HOW LONG IS A DAY?

The Hebrew word “Yom” is the word used in Genesis to describe the stages of God’s creation. Hebrew etymology shows that the “Day” referred to in the Hebrew language of the Old Testament is actually a “Period of Time” and not necessarily a 24 hour period. It could be one of our modern days or ten thousand years.

In business practice, including Real Estate, the word “Day” is of particular importance, especially as it pertains to the Purchase and Sale Contract. There are many items in the deal that have time limits – 3 days, 5 days etc. They are important because ‘time is of the essence’ in a contract – i.e. You are in breach of the contract if you don’t meet the timeframe.

In a legal case – Chijide v. Maniilaq Association, 972 P.2d 167 (Alaska 1990) – the question presented was whether fractions of a day counted as a “day” when the term “day” was not otherwise defined. In concluding that the legal meaning of the otherwise undefined term “day” includes a fractional day the court made it obvious that they also considered the term “day” to mean “calendar days” rather than “business days.”

Basically, common sense generally prevails. If the contract at issue means anything other than a calendar day it should say so. That is, unless it is modified by something like “business”, “school”, or “holy”, the unmodified contractual term “day” is assigned the regular, commonplace meaning of “calendar day.”

Certain Federal regulations will provide strict guidelines about what “day” includes. For example, they may add “excluding public holidays” and such an expanded definition helps. Other Statutes, Federal and State, have not necessarily clarified some provisions of law so you have to be careful. For example, State Statutes say that you have 5 days to review a Condo Resale Certificate. You should assume calendar days.

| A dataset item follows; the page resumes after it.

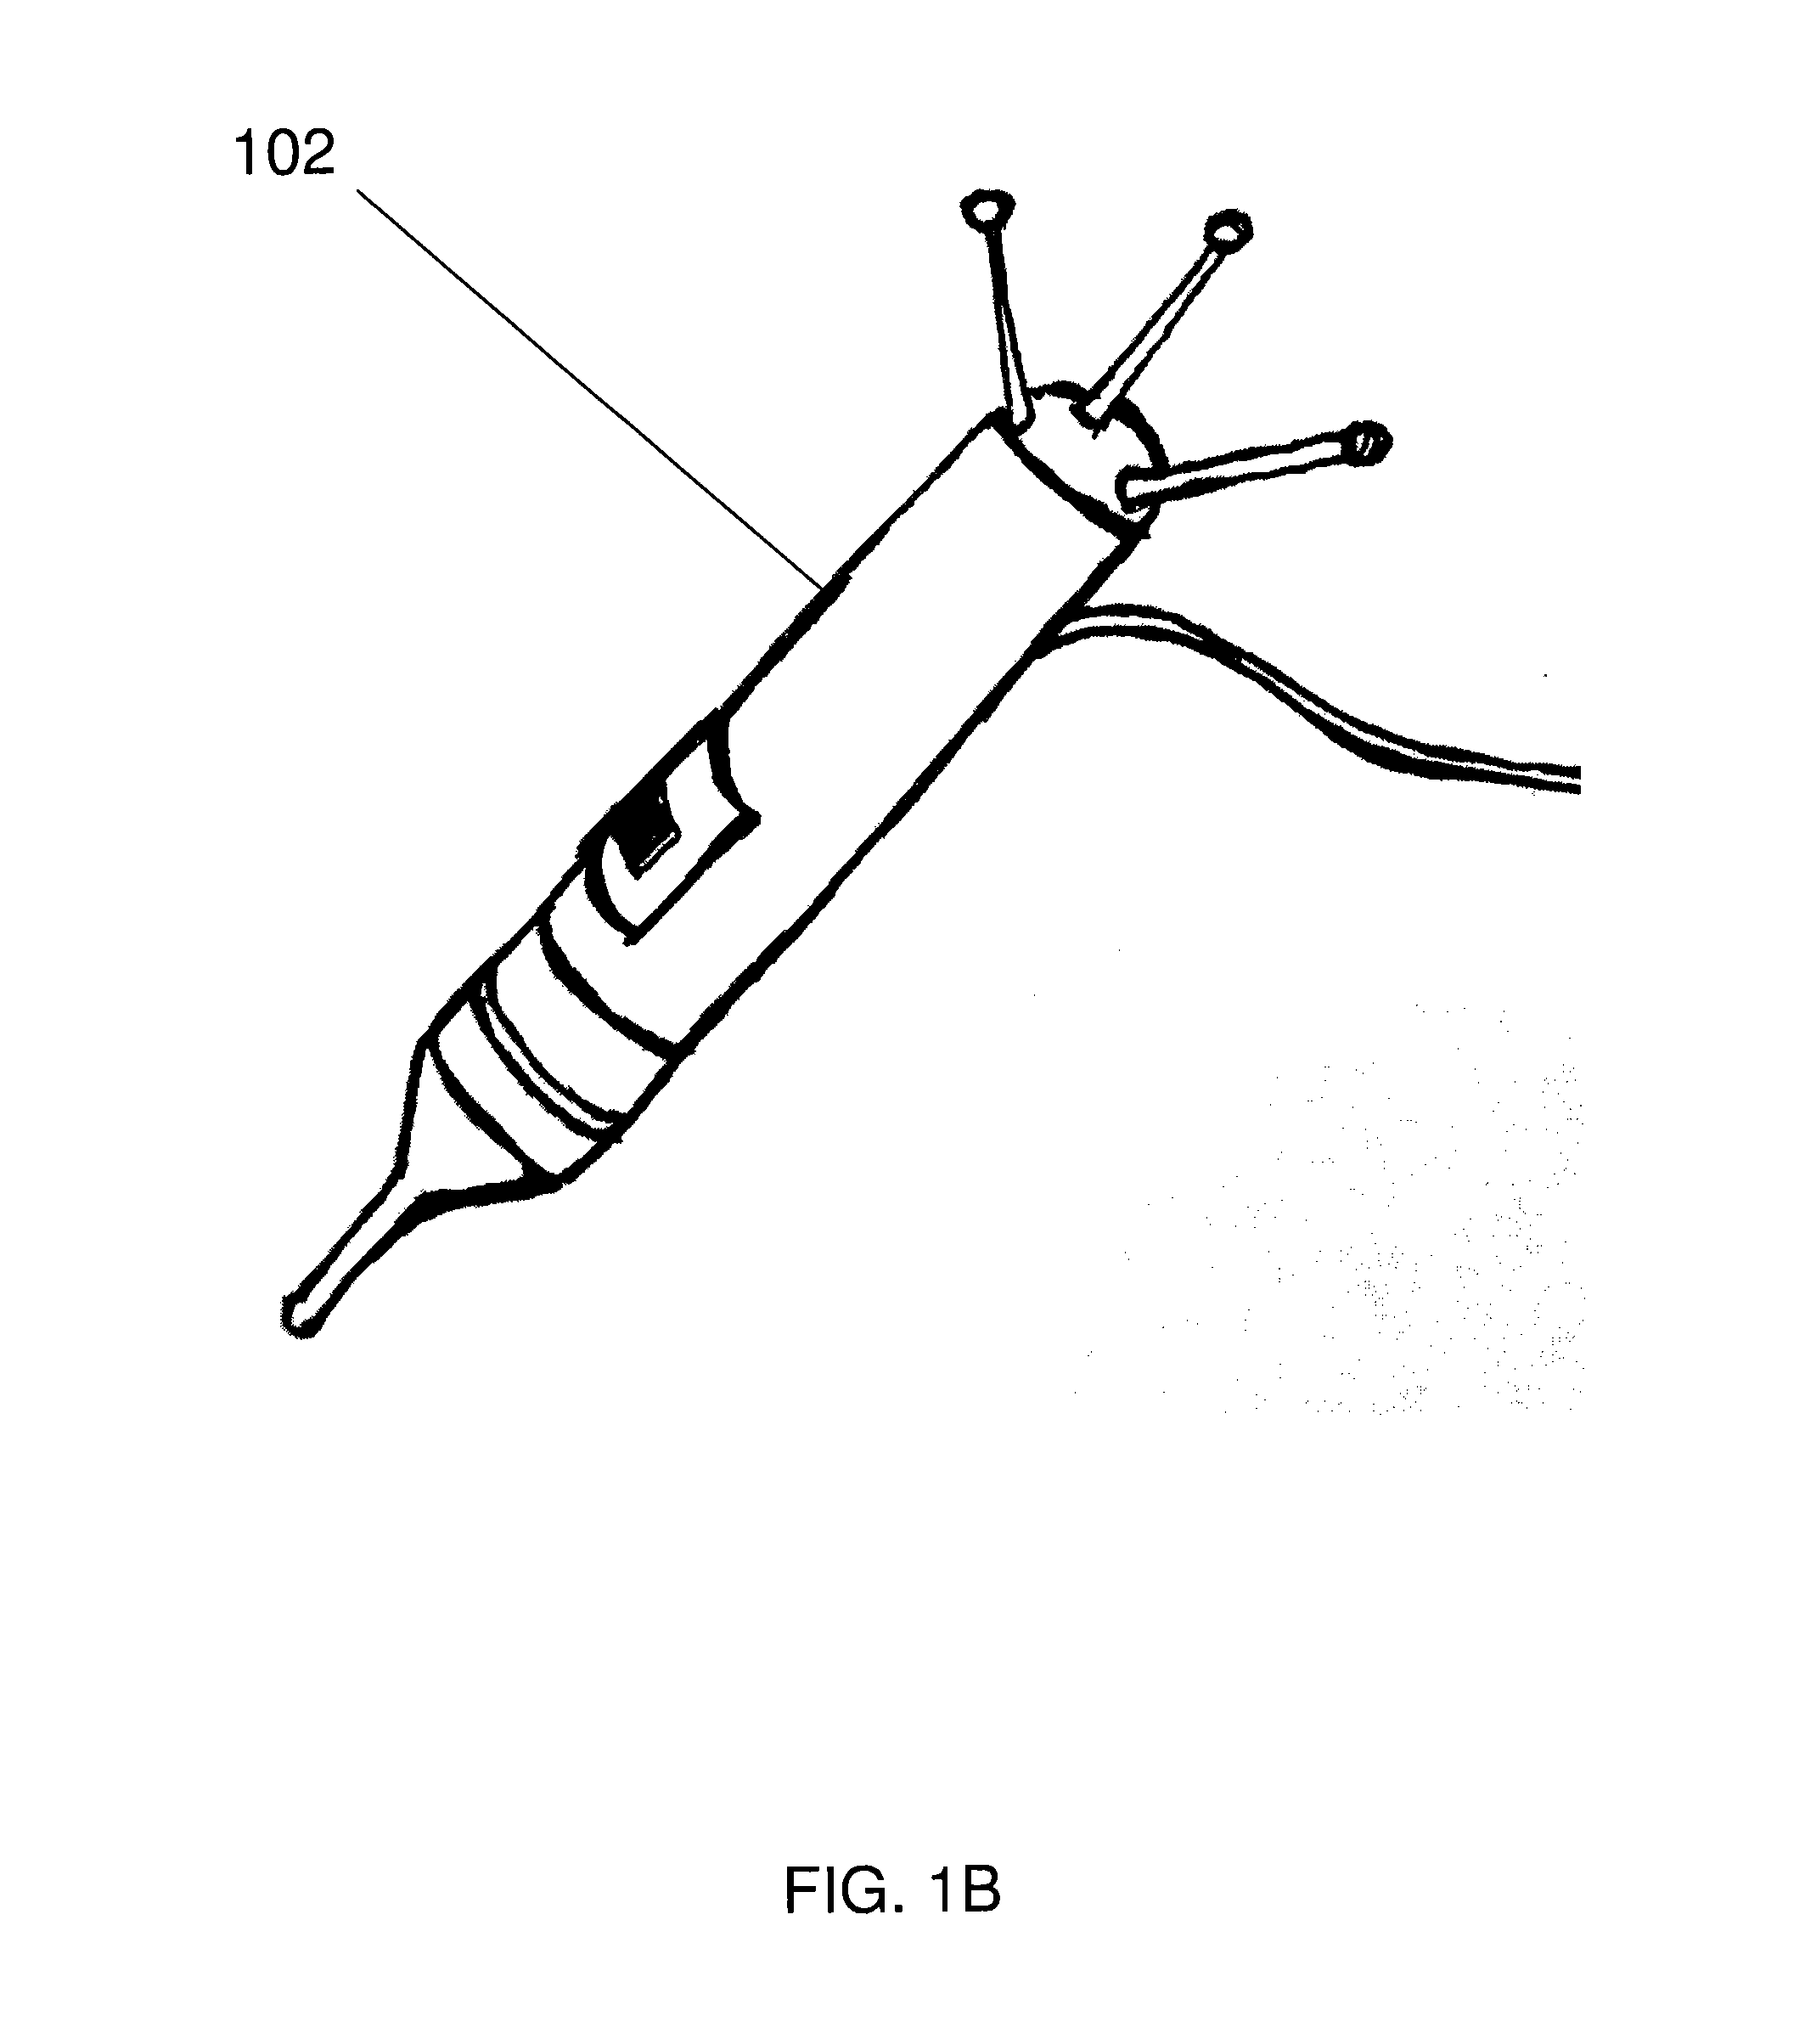 Systems and methods for capturing and recreating the feel of surfaces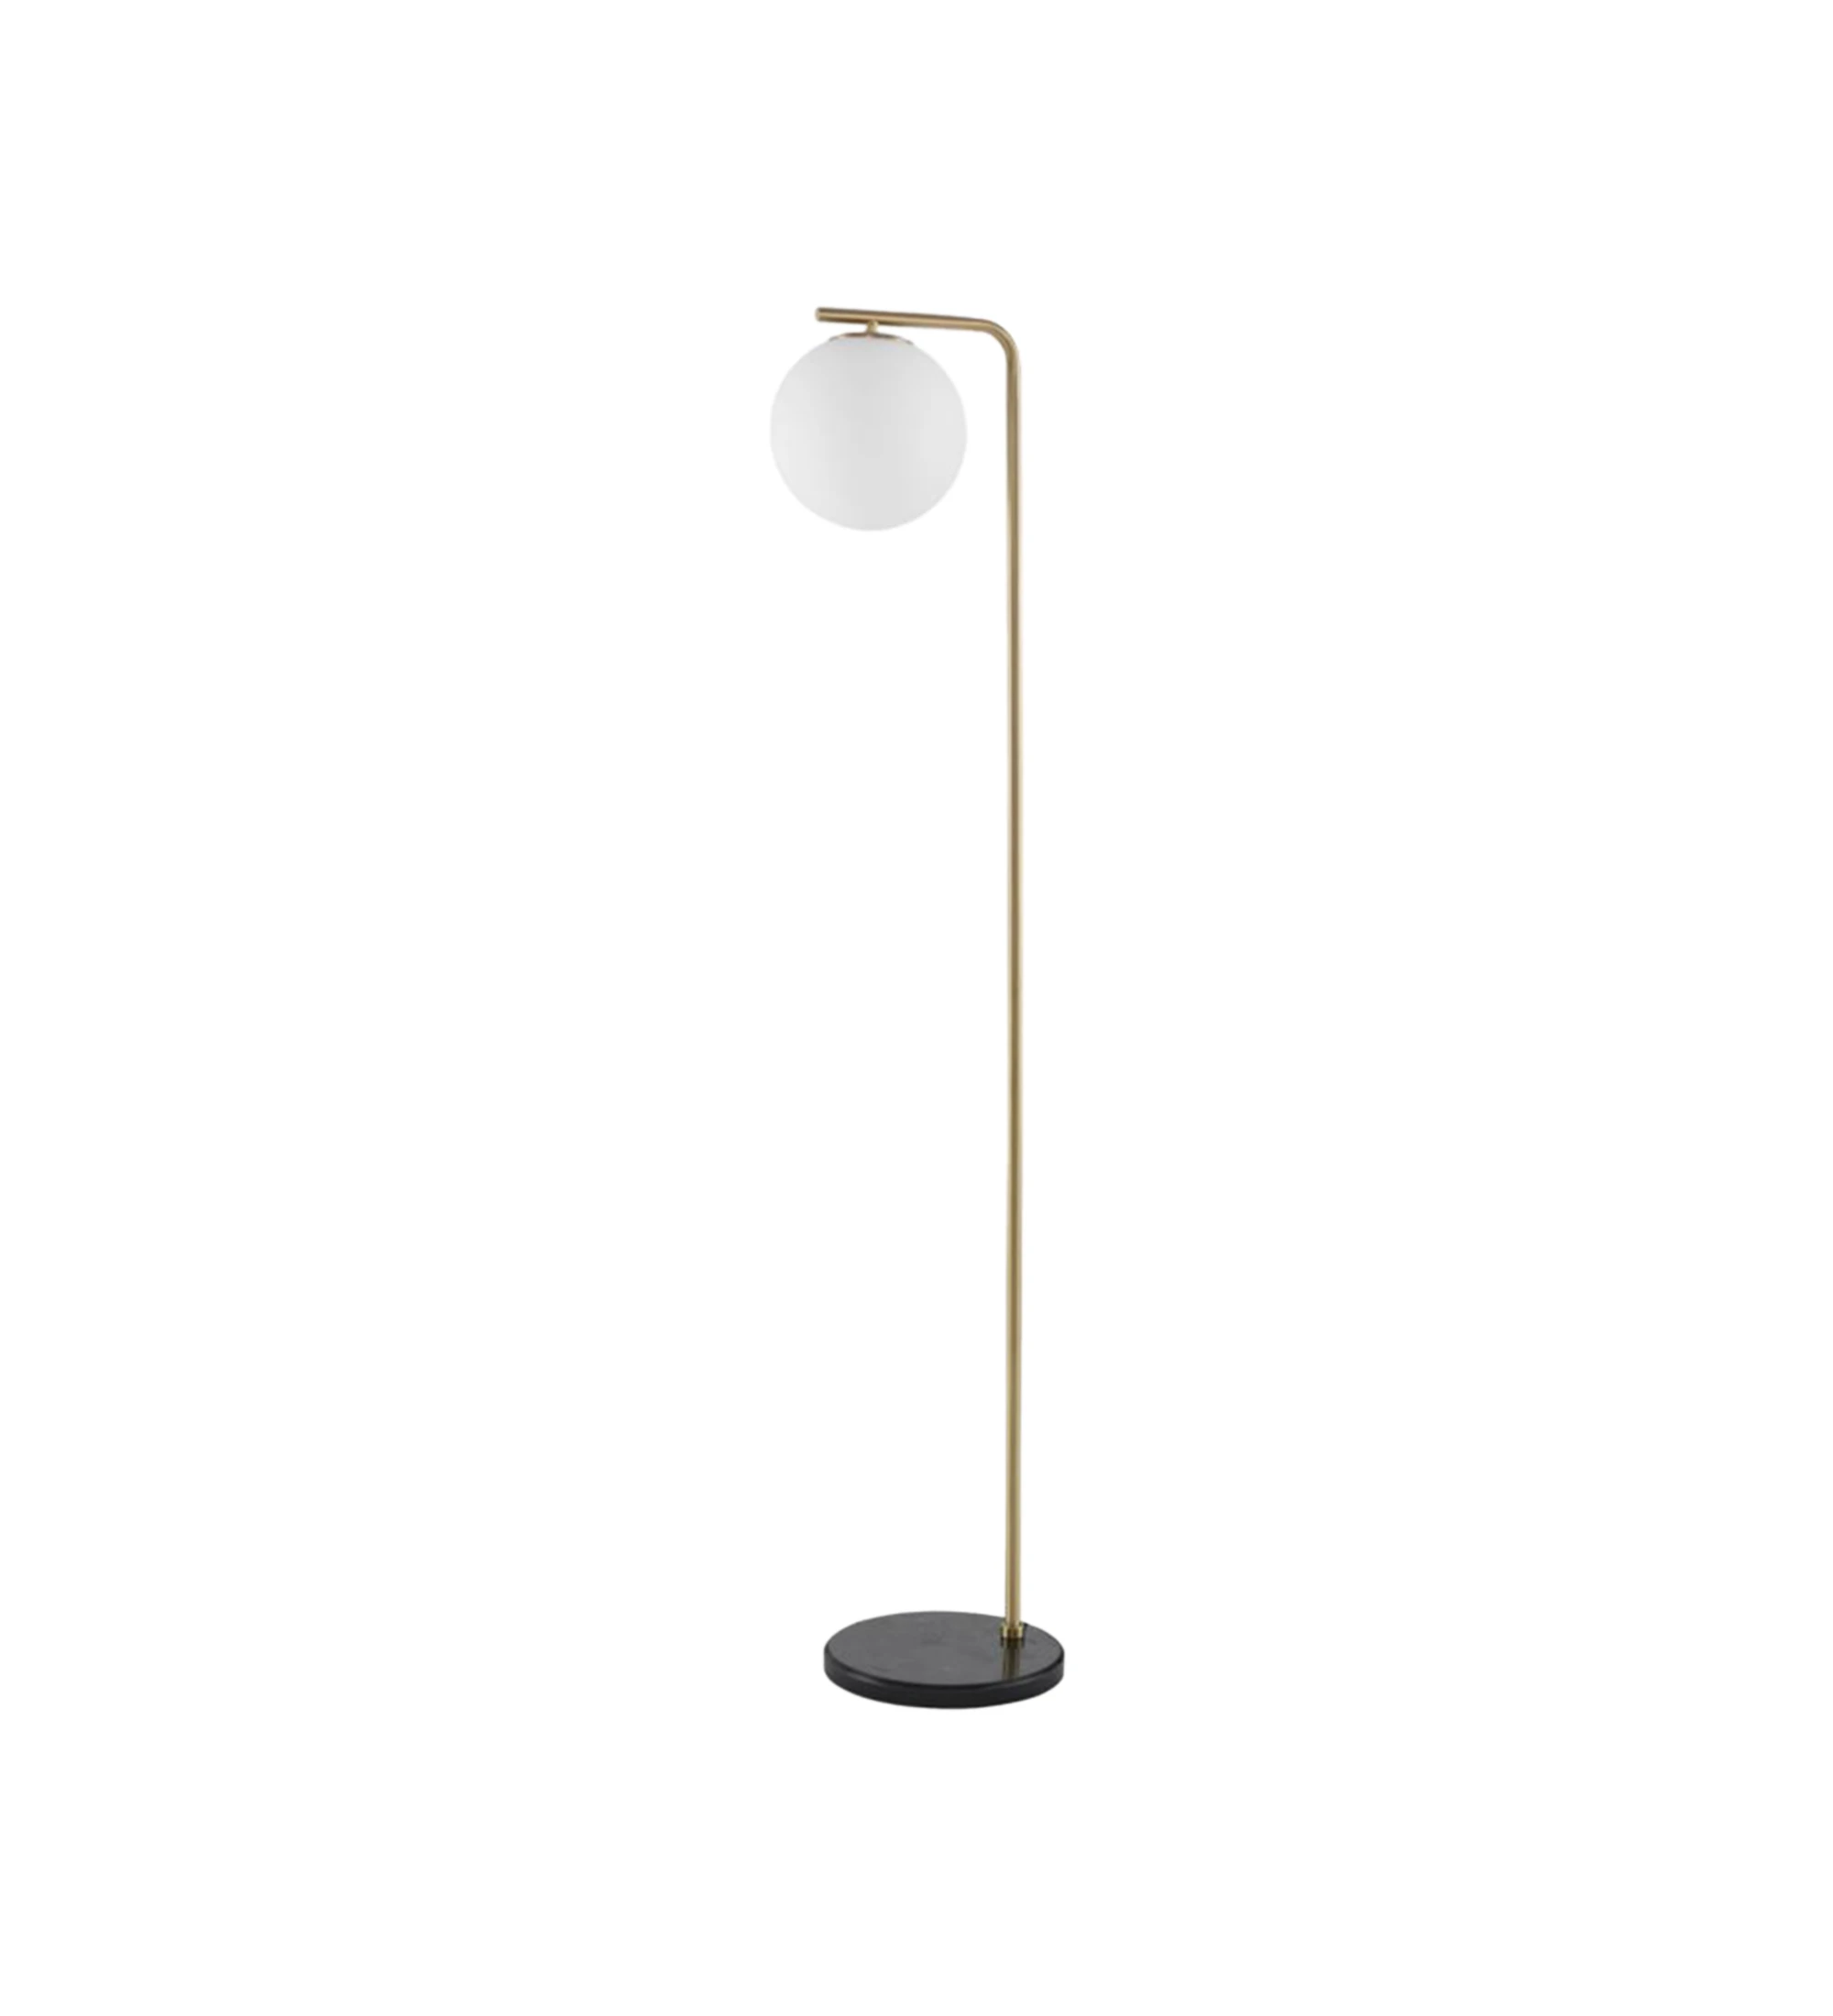  Floor lamp with black marble base, golden metal structure and opal glass diffuser.

The MLS Purchase and Sale Agreement has been progressively amended over the past few years to clarify the kind of days referred to, but there remain some un-clarified “days” where the contract would otherwise contradict regulations or laws of other related bodies. So, be careful about time expiring on your rights and obligations, especially if your licensee adds additional terms to the agreement. Any hazy daze can leave you in contractual jeopardy.